Is melkveebedrijf gestaakt en kan de stakingslijfrenteaftrek worden geclaimd?
ARREST HOGE RAAD DER NEDERLANDEN | |
Kamer : | ??? |
Zaaknummer : | 11/02192 |
Datum arrest : | 14 september 2012 |
Belastingmiddel : | Inkomstenbelasting |
Mondelinge uitspraak rechtbank Breda : | Klik hier voor de mondelinge uitspraak (niet gepubliceerd) |
Zaaknummer : | AWB 08/5334 |
Datum: | 27 maart 2009 |
Uitspraak Hof Den Bosch : | Klik hier voor de uitspraak |
Zaaknummer : | BK 09/00181 |
Datum : | 1 april 2011 |
Uitspraak verwijzgingshof Arnhem-Leeuwarden : | Klik hier voor de uitspraak |
Zaaknummer : | BK 12/00588 |
Datum: | 2 juli 2013 |
ARREST
gewezen op het beroep in
cassatie van X te Z (hierna: belanghebbende) tegen de uitspraak
van het Gerechtshof te 's-Hertogenbosch van 1 april 2011, nr. 09/00181,
betreffende een aanslag in de inkomstenbelasting/premie volksverzekeringen.
1. Het geding in feitelijke instanties
Aan belanghebbende is voor het jaar 2000 een aanslag in de inkomstenbelasting/premie
volksverzekeringen opgelegd, welke aanslag, na daartegen gemaakt bezwaar, bij
uitspraak van de Inspecteur is verminderd.
De Rechtbank te Breda (nr.
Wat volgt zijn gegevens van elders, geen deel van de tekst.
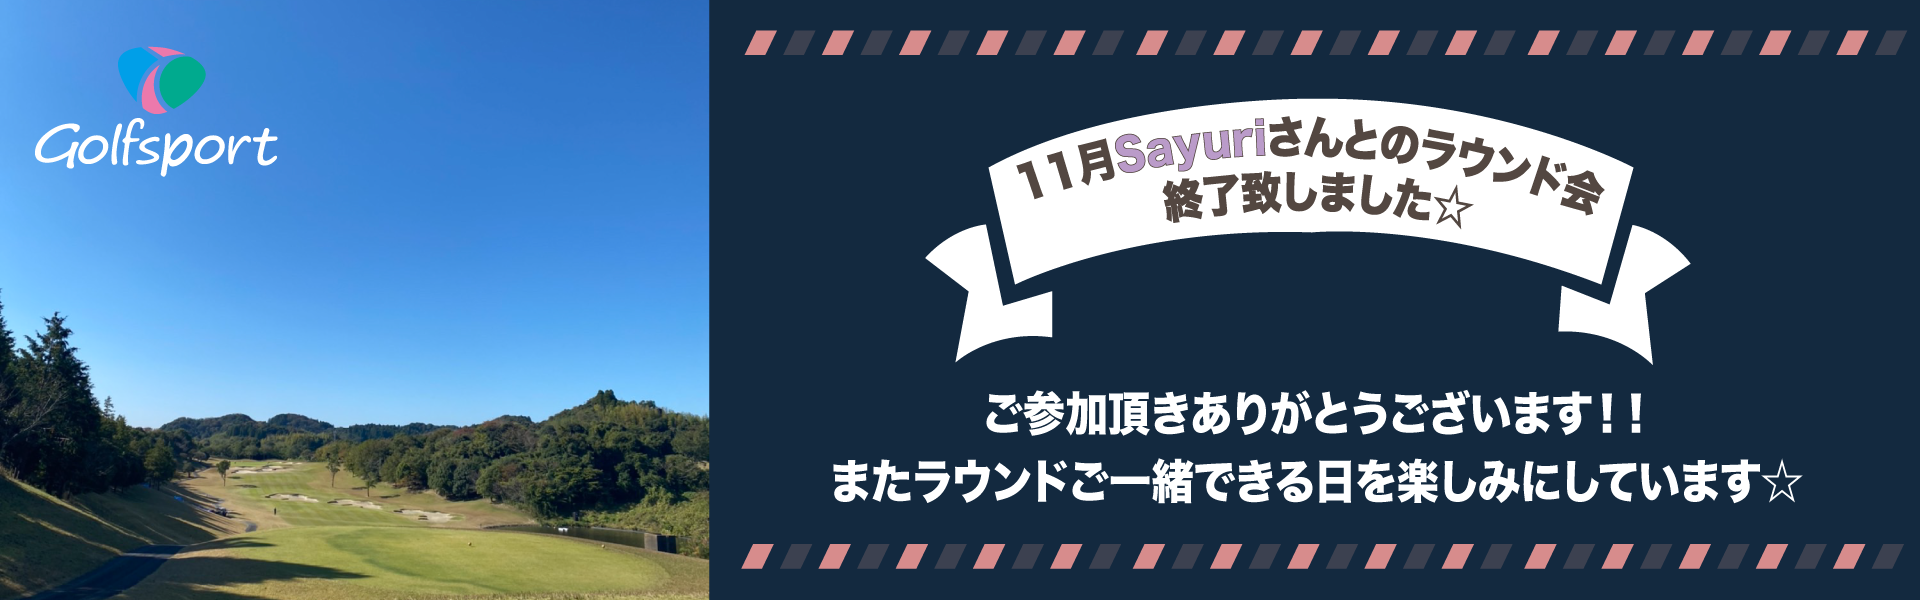 11月Sayuri☆さんとのラウンド会⛳️inデイスターゴルフクラブ🌟ご参加ありがとうございました!

AWB 08/5334) heeft het tegen die uitspraak ingestelde
beroep ongegrond verklaard.
Belanghebbende heeft tegen de uitspraak van de Rechtbank hoger beroep ingesteld
bij het Hof.
Het Hof heeft de uitspraak van de Rechtbank bevestigd. De uitspraak van het
Hof is aan dit arrest gehecht.
2. Geding in cassatie
Belanghebbende heeft tegen 's Hofs uitspraak beroep in cassatie ingesteld.
Het beroepschrift in cassatie is aan dit arrest gehecht en maakt daarvan deel
uit.
De Staatssecretaris van Financiën heeft een verweerschrift ingediend.
3. Beoordeling van de klachten
3.1. In cassatie kan van het volgende worden uitgegaan.
3.1.1. Belanghebbende en zijn echtgenote oefenden tot en met 31 december 1999
gezamenlijk een agrarische onderneming uit in de vorm van een maatschap. De
onderneming betrof een melkveebedrijf, een varkensmesterij en een akkerbouwbedrijf.
3.1.2. Het tot de onderneming behorende melkquotum is in 1998 verkocht. Als
gevolg van deze verkoop is het melkveebedrijf stilgelegd. Voor de ter zake van
het melkquotum behaalde boekwinst is een vervangingsreserve gevormd.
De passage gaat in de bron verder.